02/21/2023 03:07:06 PM INFO: SingleM v1.0.0beta5
02/21/2023 03:07:06 PM INFO: Loaded 1 SingleM packages
02/21/2023 03:07:06 PM INFO: Using as input 1 different pairs of sequence files e.g. ../SRR7224128_1.fastq & ../SRR7224128_2.fastq
02/21/2023 03:07:06 PM INFO: Filtering sequence files through DIAMOND blastx
02/21/2023 03:10:50 PM INFO: Finished DIAMOND prefilter phase
02/21/2023 03:10:50 PM INFO: Assigning sequences to SingleM packages with DIAMOND ..

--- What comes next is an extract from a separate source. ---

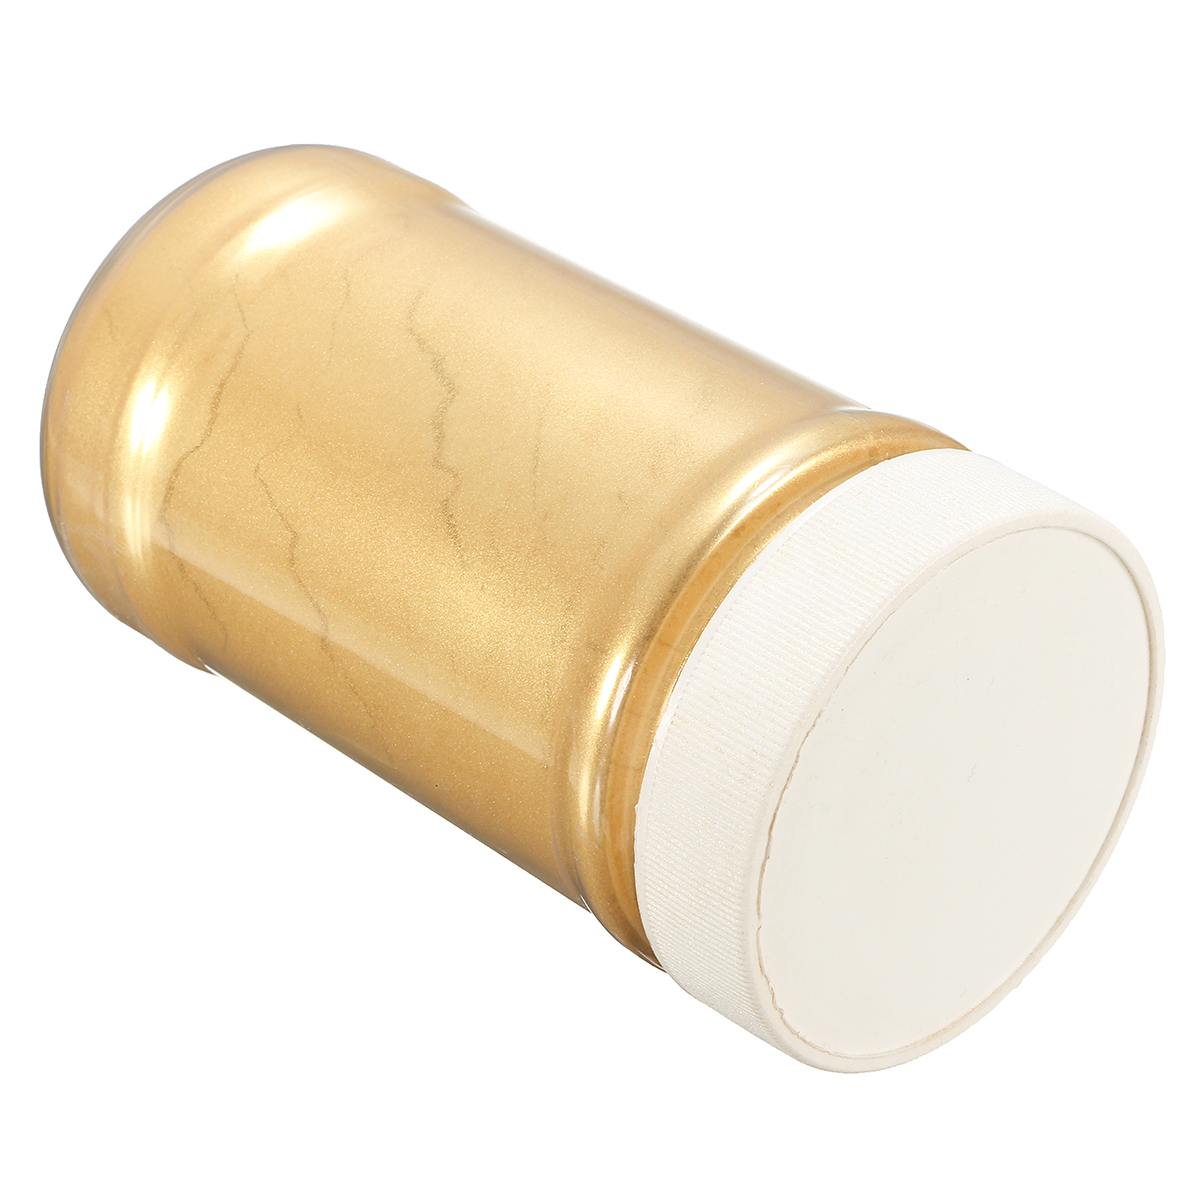 100g-Gold-Ultrafine-Glitter-Pearl-Pigment-Powder-Metal-Sparkle-Shimmer-Paint-1302372
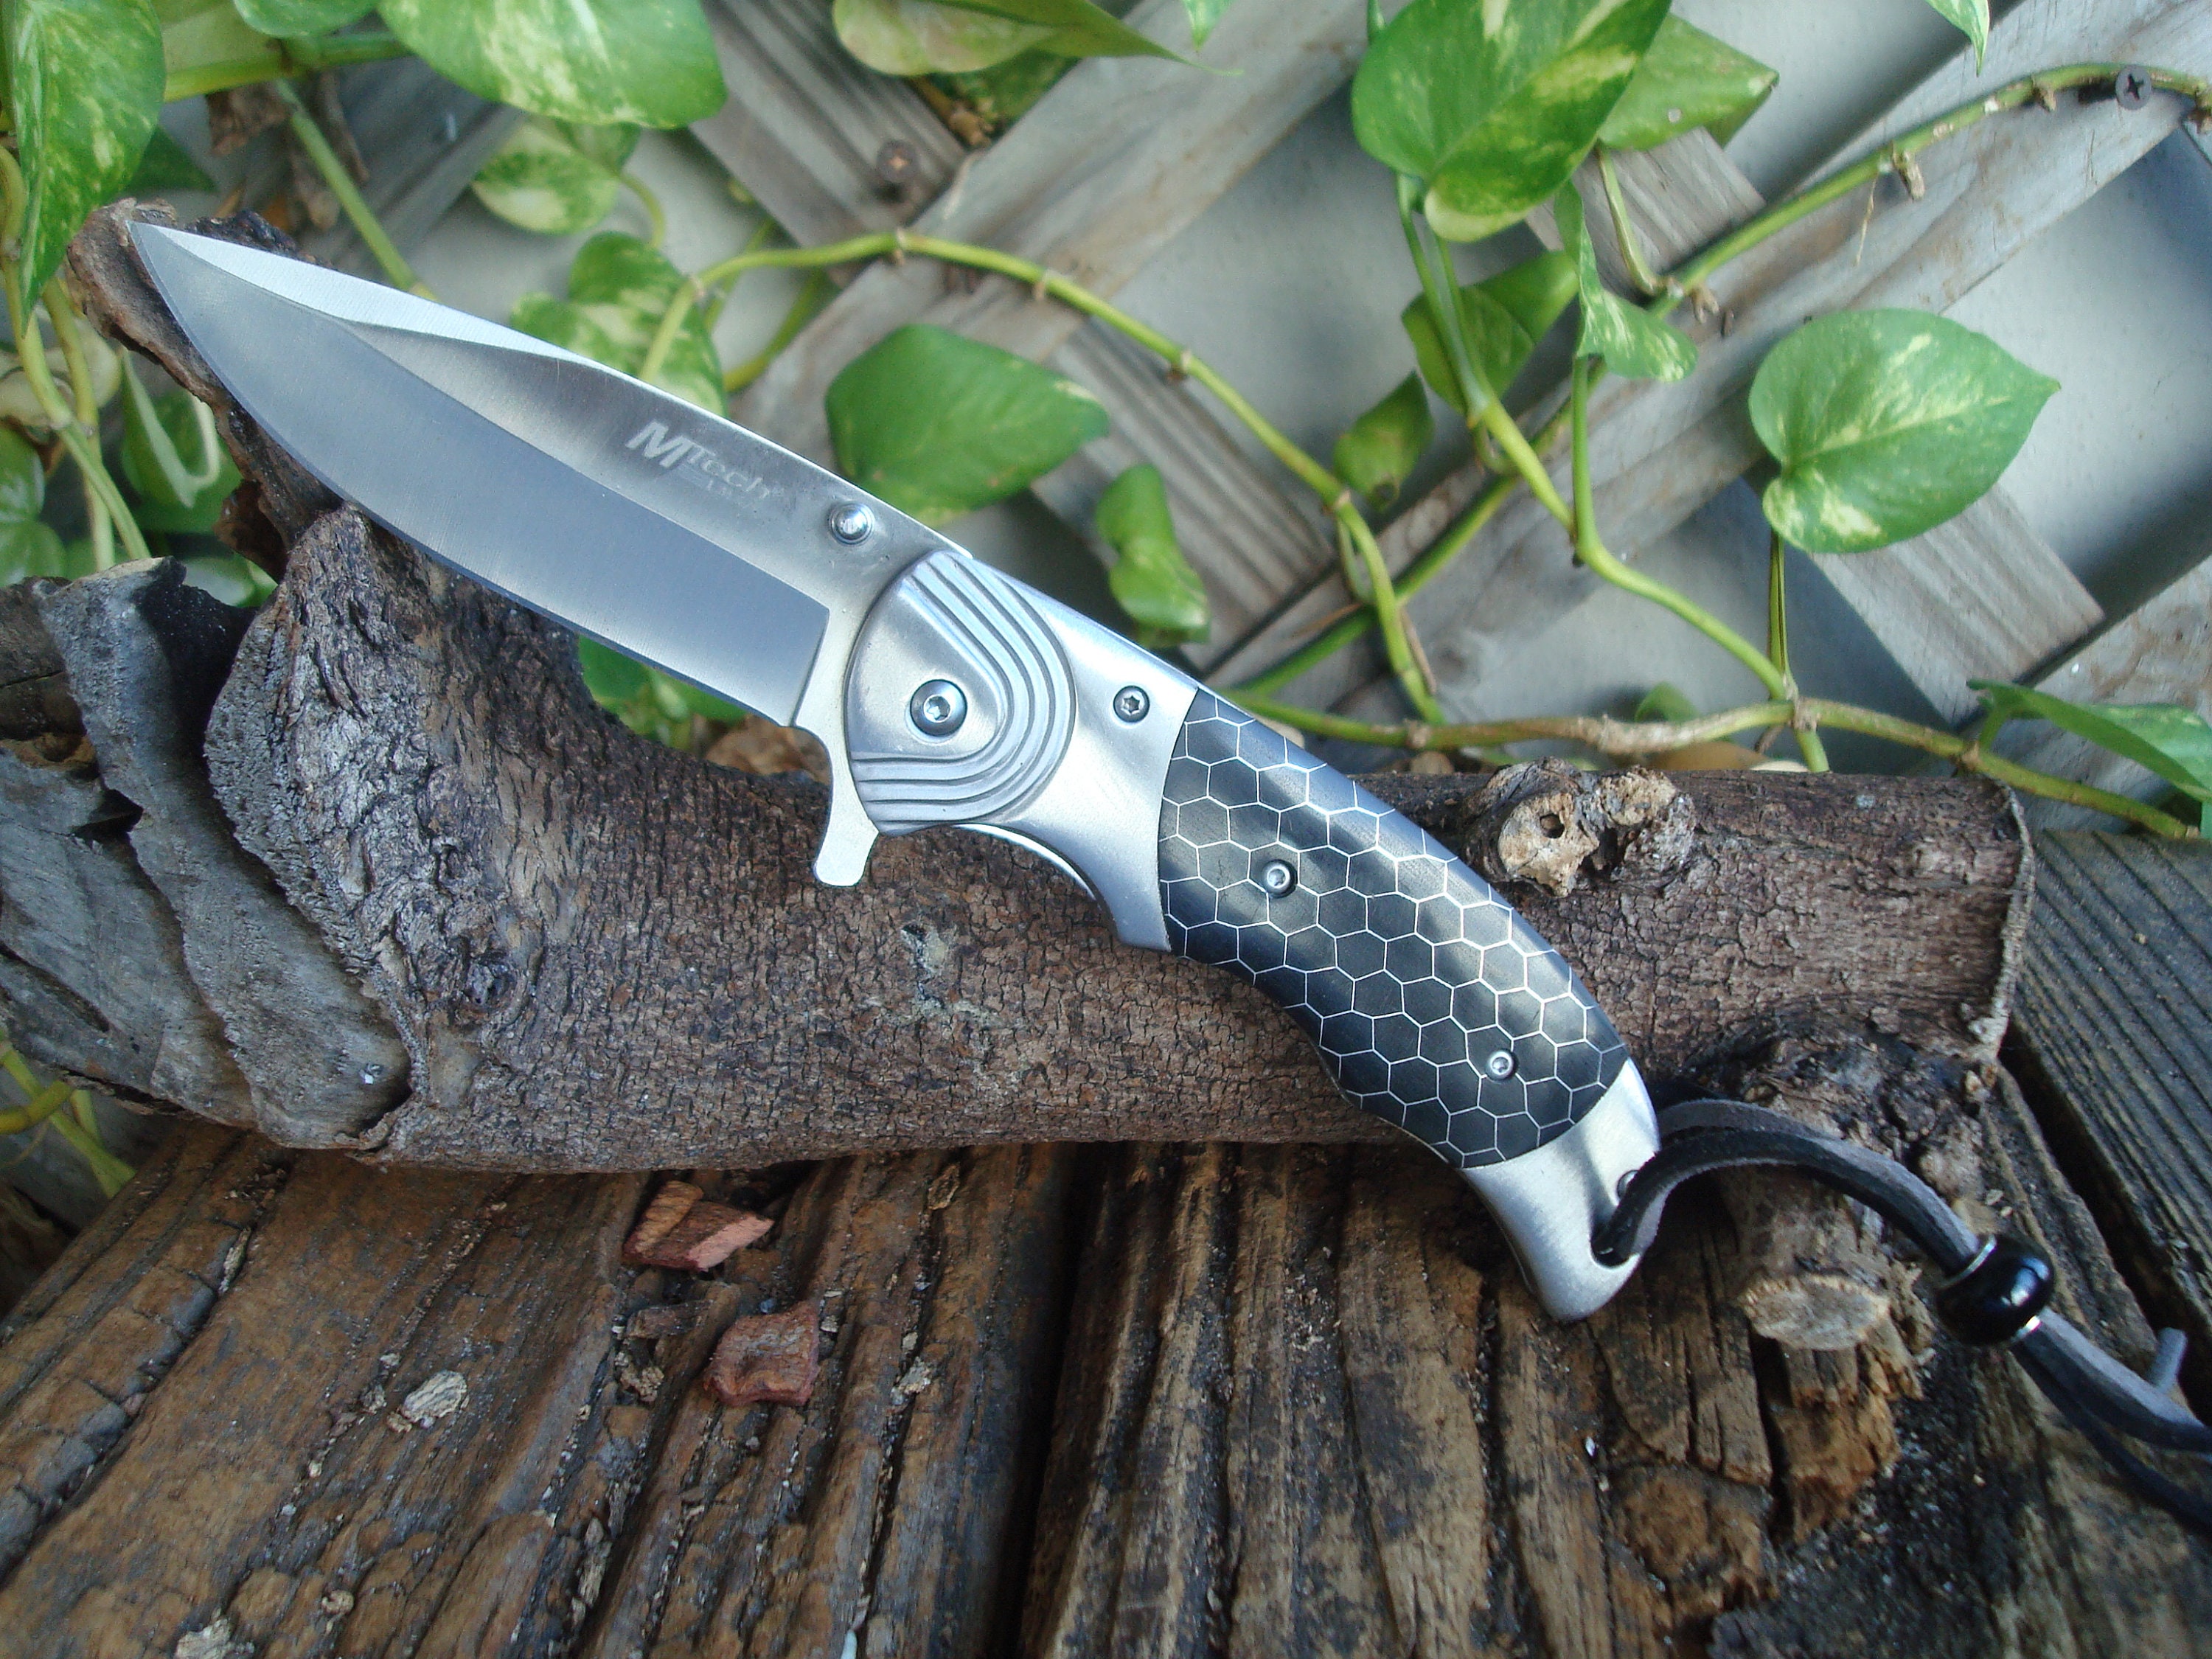 Winter Eagle Pocket Knife 3Cr13 Stainless Steel

02/21/2023 03:10:54 PM INFO: Running taxonomic assignment ..
02/21/2023 03:10:54 PM INFO: Assigning taxonomy by singlem query ..

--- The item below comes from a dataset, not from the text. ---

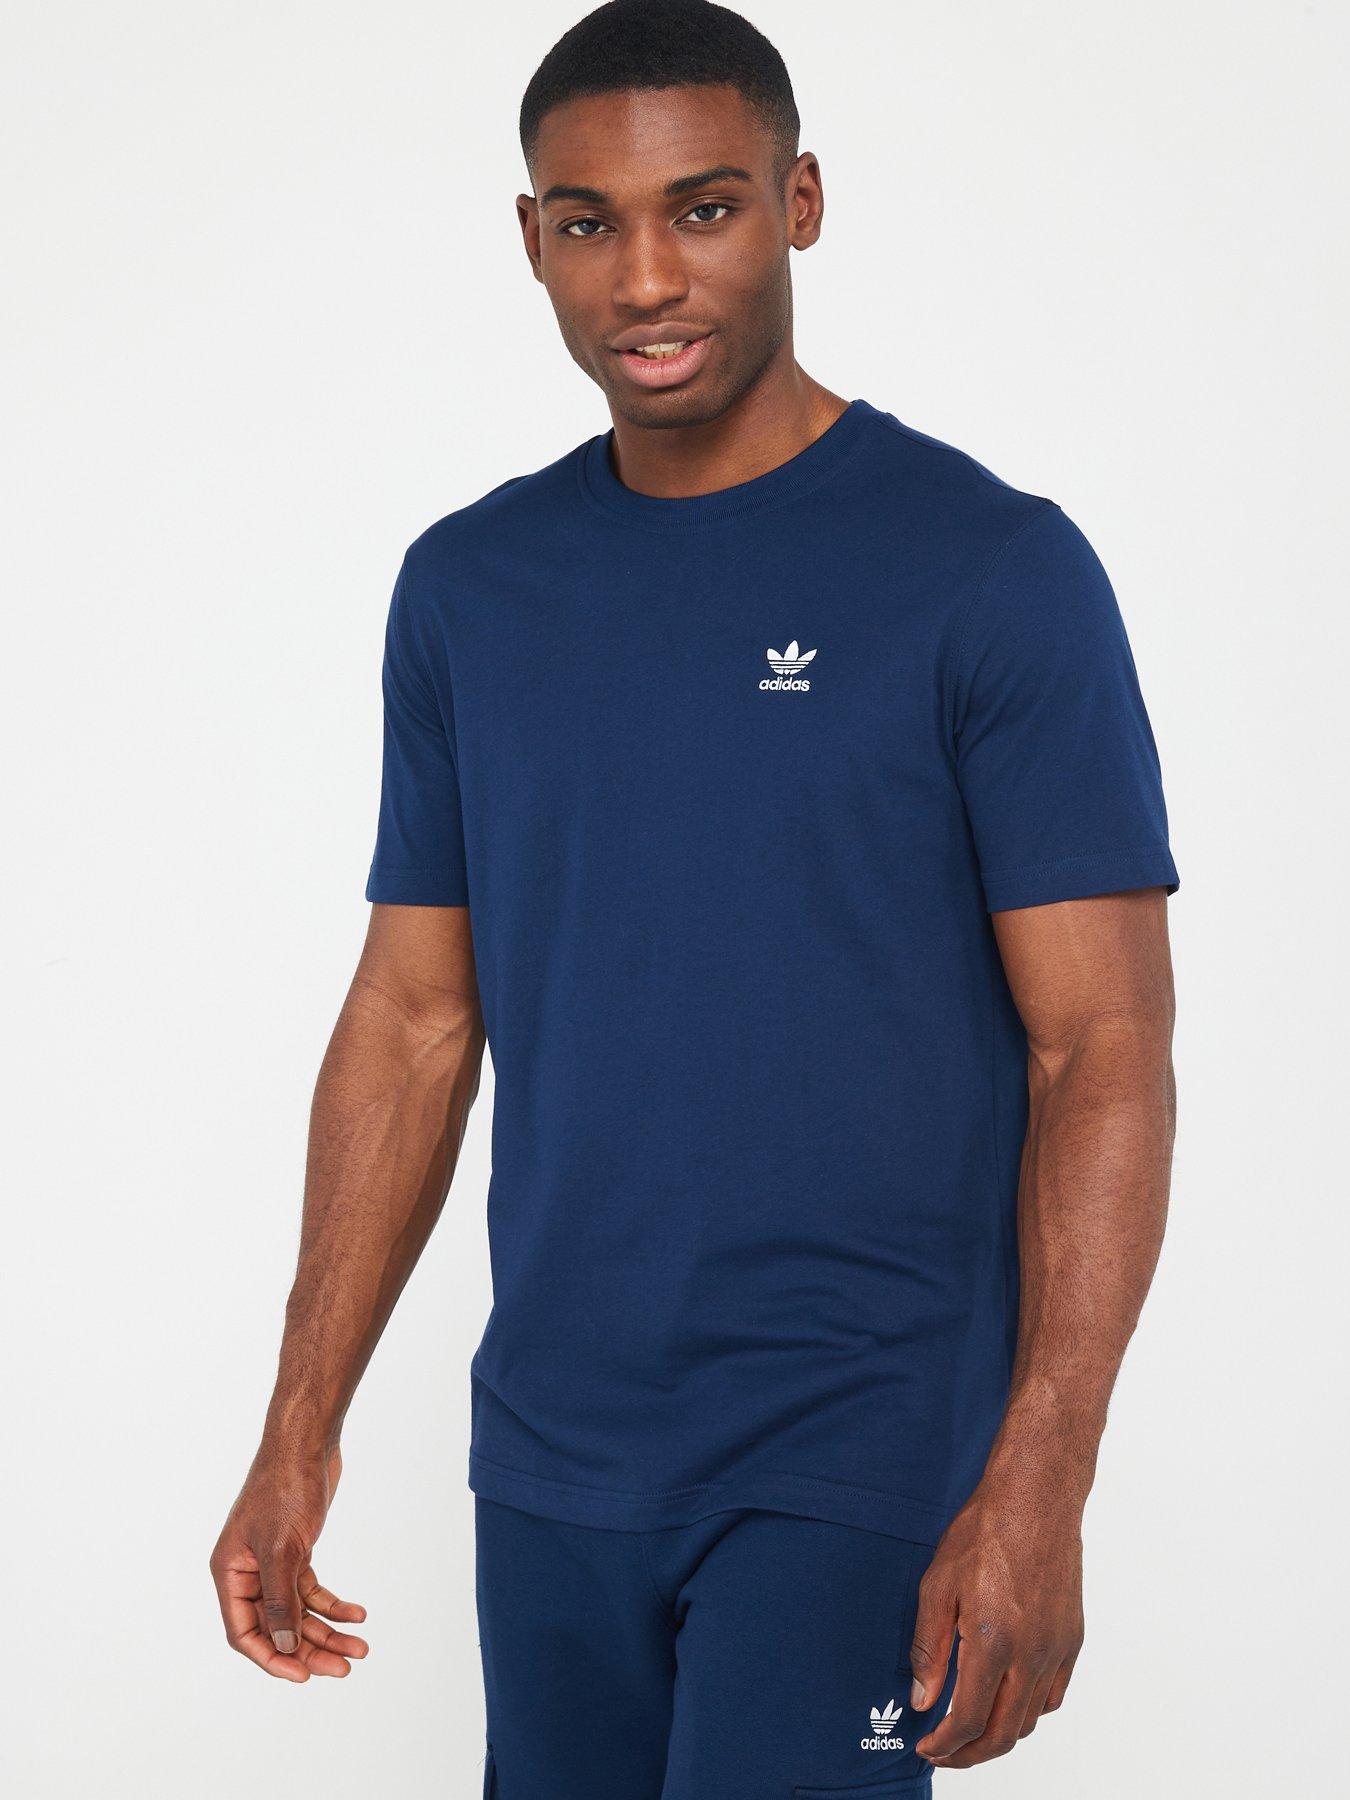 | T-shirts Men Adidas & | | originals Sportswear polos

Traceback (most recent call last):
  File "/home/houjialin/Software/singlem-main/bin/singlem", line 589, in <module>
    singlem.pipe.SearchPipe().run(
  File "/home/houjialin/Software/singlem-main/bin/../singlem/pipe.py", line 63, in run
    otu_table_object = self.run_to_otu_table(**kwargs)

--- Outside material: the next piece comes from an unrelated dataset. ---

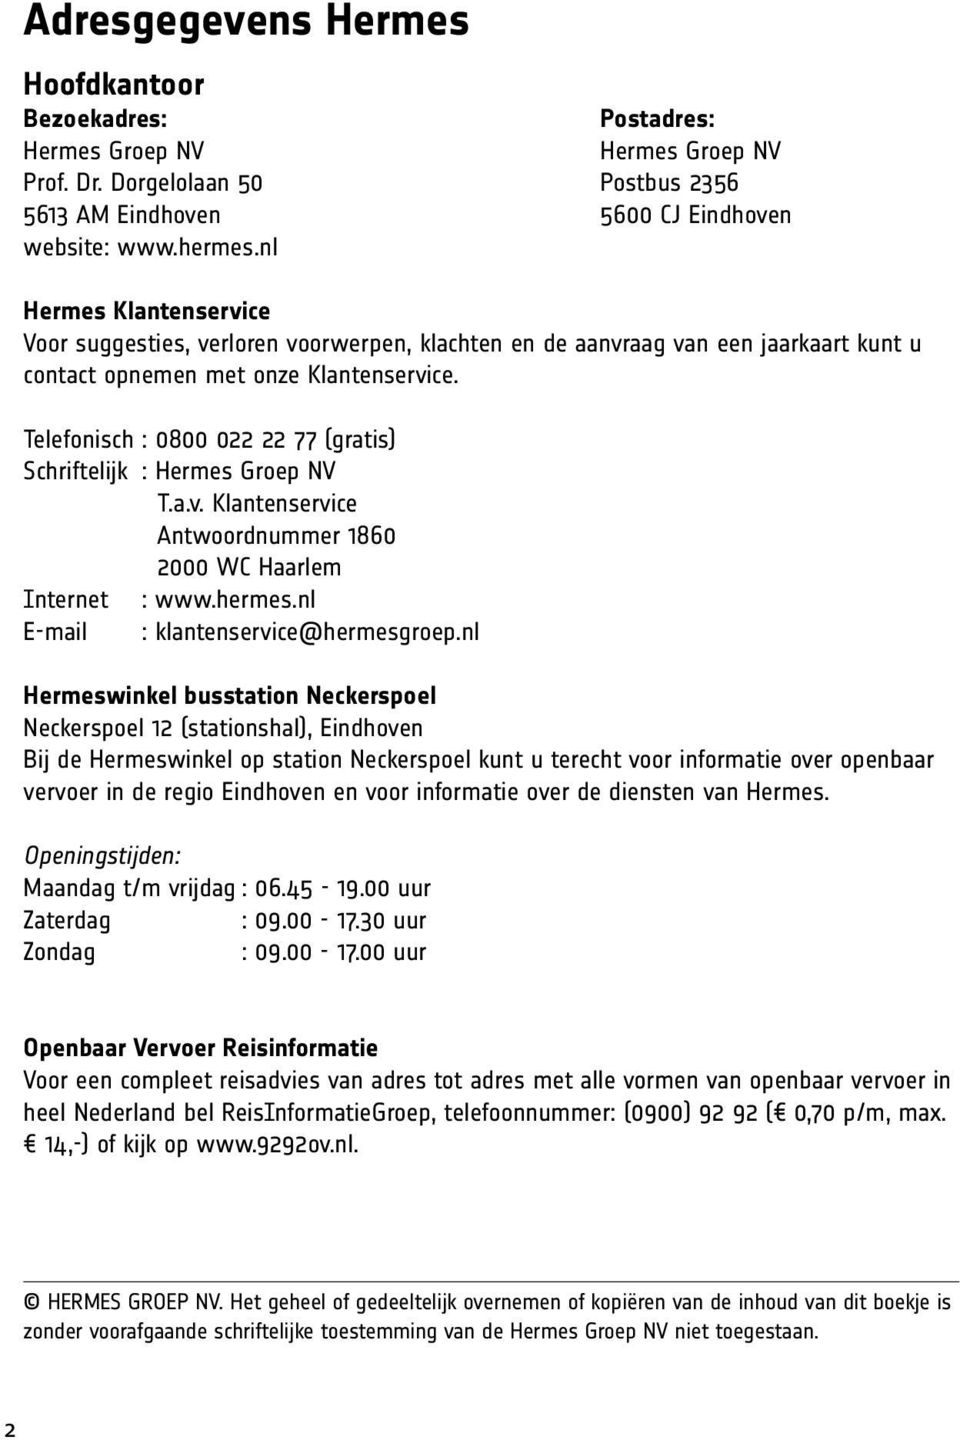 Telefonisch : 0800 022 22 77 (gratis) Schriftelijk : Hermes Groep NV T.a.v. Klantenservice Antwoordnummer 1860 2000 WC Haarlem Internet : www.hermes.nl E-mail : klantenservice@hermesgroep.

                       ^^^^^^^^^^^^^^^^^^^^^^^^^^^^^^^
  File "/home/houjialin/Software/singlem-main/bin/../singlem/pipe.py", line 421, in run_to_otu_table
    otu_table_object = self.assign_taxonomy_and_process(
                       ^^^^^^^^^^^^^^^^^^^^^^^^^^^^^^^^^
  File "/home/houjialin/Software/singlem-main/bin/../singlem/pipe.py", line 456, in assign_taxonomy_and_process
    assignment_result = self._assign_taxonomy(
                        ^^^^^^^^^^^^^^^^^^^^^^
  File "/home/houjialin/Software/singlem-main/bin/../singlem/pipe.py", line 1173, in _assign_taxonomy
    query_based_assignment_result = PipeTaxonomyAssignerByQuery().assign_taxonomy(
                                    ^^^^^^^^^^^^^^^^^^^^^^^^^^^^^^^^^^^^^^^^^^^^^^
  File "/home/houjialin/Software/singlem-main/bin/../singlem/pipe_taxonomy_assigner_by_query.py", line 63, in assign_taxonomy
    sdb = SequenceDatabase.acquire(assignment_singlem_db)
          ^^^^^^^^^^^^^^^^^^^^^^^^^^^^^^^^^^^^^^^^^^^^^^^
  File "/home/houjialin/Software/singlem-main/bin/../singlem/sequence_database.py", line 216, in acquire
    contents_path = os.path.join(
                    ^^^^^^^^^^^^^
  File "<frozen posixpath>", line 76, in join
TypeError: expected str, bytes or os.PathLike object, not NoneType
wwood commented 1 year ago

Hi,

Thanks for the report.

This is a bug in that it doesn't say what the problem is, at least. The issue is that it needs a singlem db in the metapackage to use taxonomy assignment by snafa naive. Does assignment-method diamond work?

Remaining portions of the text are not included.